No one really disputes the lethality of anorexia. Anorexia is the most deadly of addictions and long before death,…. the compromised brain, body, and low levels of functionality are devastating.
Eating disorders can be as crippling and fatal as just about any toxic chemical.
In 2003, I read read a significant amount of ED literature. My goal was to integrate, in a more overt fashion, the art therapies into eating disorder treatment. While browsing, I found a reference to the work of Wooley SC and Wooley OW (1985). Their long-term success rates, caused me to sit straight up in my chair. I nearly dropped my book.
Although stunned by their results, at first I could not determine a differential between their work and mine. Their treatment approach was an integrated program of psychodynamic, experiential, educational, and behavioral interventions. This was not an unusual approach in the decades that followed them. In addition, their focus on body image was very similar to mine,…. except in one important way.
The difference, from what I could tell, was how much and how often they focused on body image experientially.
This made good sense to me. First of all, the greater the body image distortion, the greater the psychopathology.
The slide posted above reveals four drawings, during a period of six weeks, by one client. There are two life-sized silhouette mandalas (body maps), and two blind contour self-portraits.
The client’s statements and art work titles, in order of the dates of the drawings were, “Anxious Peace, I am too thin,” “I look more grown up when I am angry” (The client was angry with this author for insisting that she participate in the exercise even if she was uncomfortable), “I am not for sale, I am not even a real blonde,” and, “What have I done to myself, is this me?”.

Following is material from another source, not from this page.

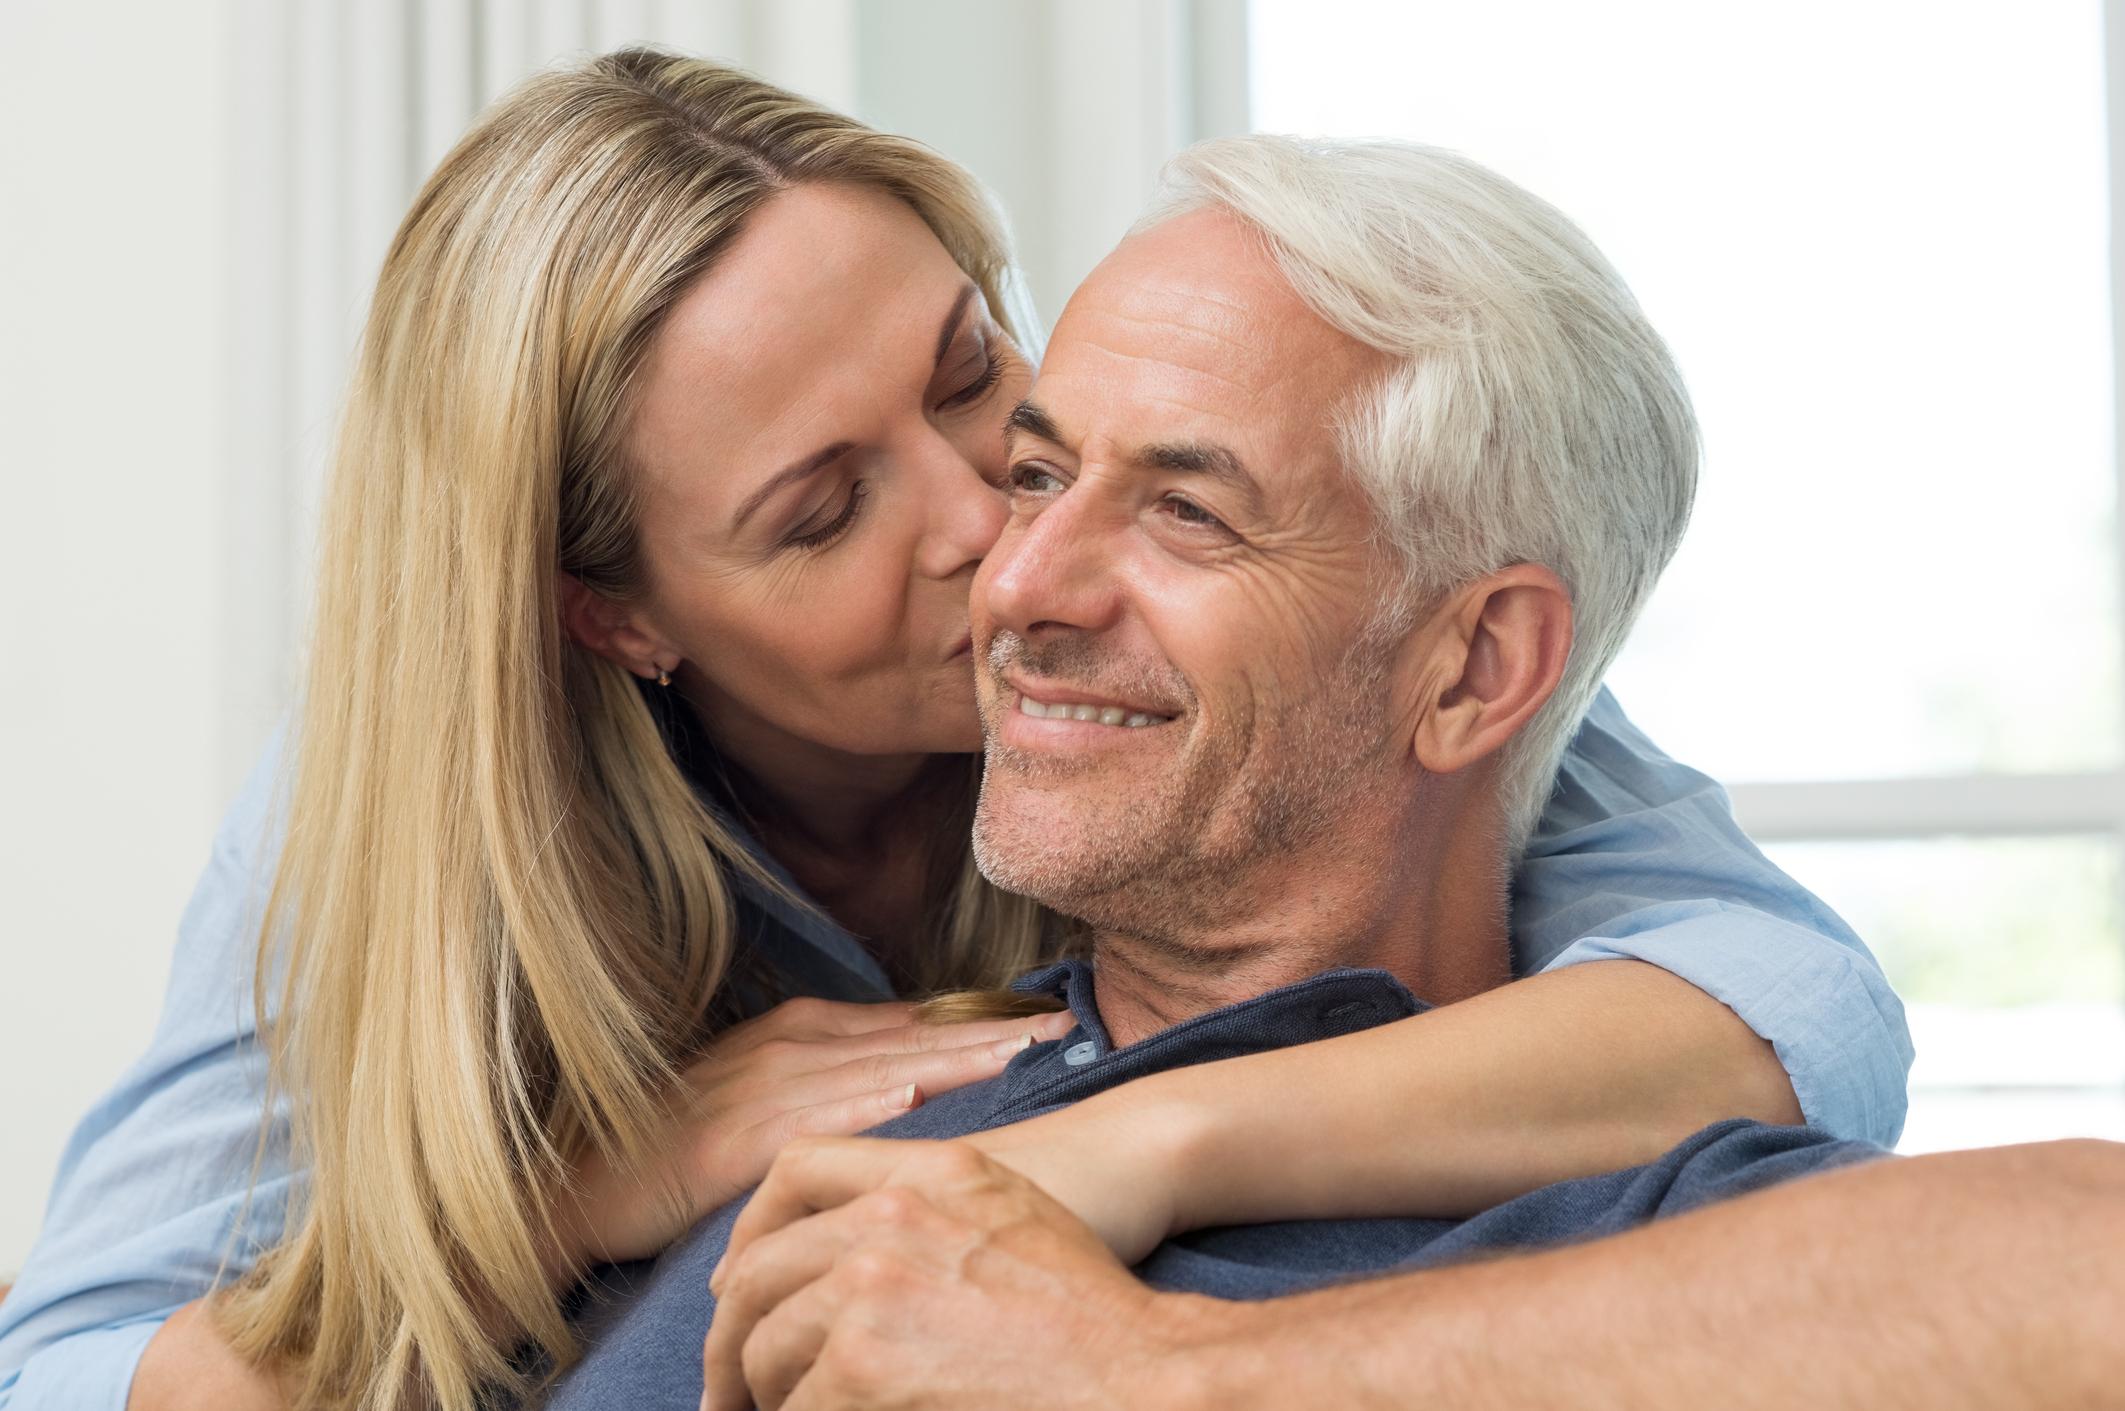 Лъв<br /> Изключително важно е вашата връзка да изглежда добре пред другите. Може да бъдете много властен/а и да се опитвате да контролирате партньора си. Флиртувате прекалено много, което не се харесва на половинката ви. Понякога говорите снизходително на партньора си.

A select few of statements made by other clients include: “I never knew my body was in proportion, I will never let anyone shame me again for my weight” (for being Rubenesque), “I didn’t know that I look like a little girl,” “I look like I want to die,” and, “I am so afraid of life, I hide by wasting away”.

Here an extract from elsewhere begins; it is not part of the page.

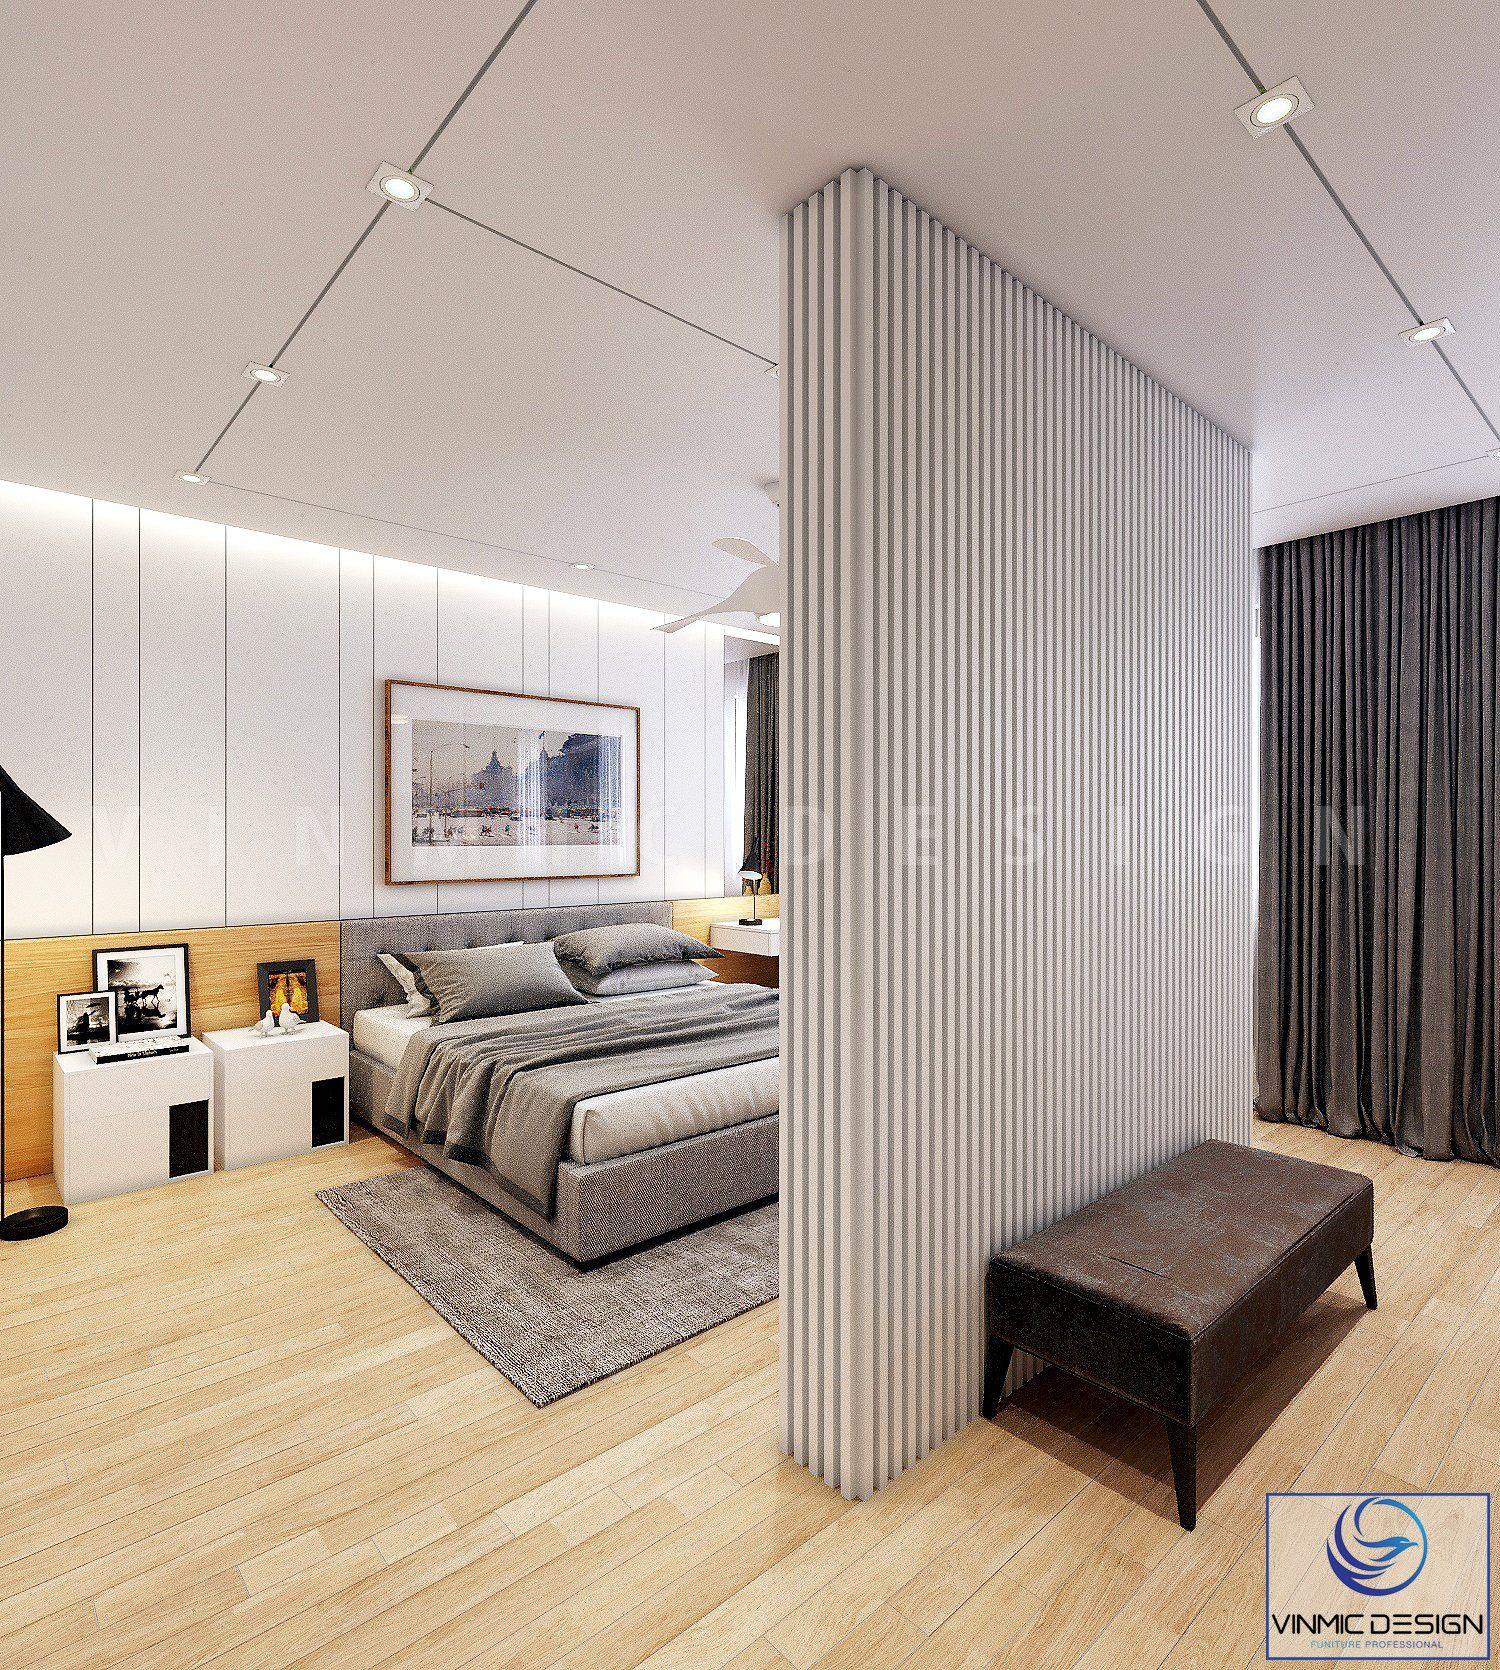 Thiết kế phòng ngủ với vách đứng được thể hiện cách điệu

The clients above came to their conclusions on their own, during the drawing exercises, without prompting by me.
We all know that insight alone is not curative, many people have died of a self-acknowledged addiction.
Yet, neither therapy or the 12-steps can begin to have a true healing impact until the denial is broken. It is at this point, the point when the denial is broken, that a person is better able to ask for and receive help.
How much better to let paint and image be confrontational (the interventionist), so that the therapist is able to remain aligned with and supportive of the client throughout their awakening.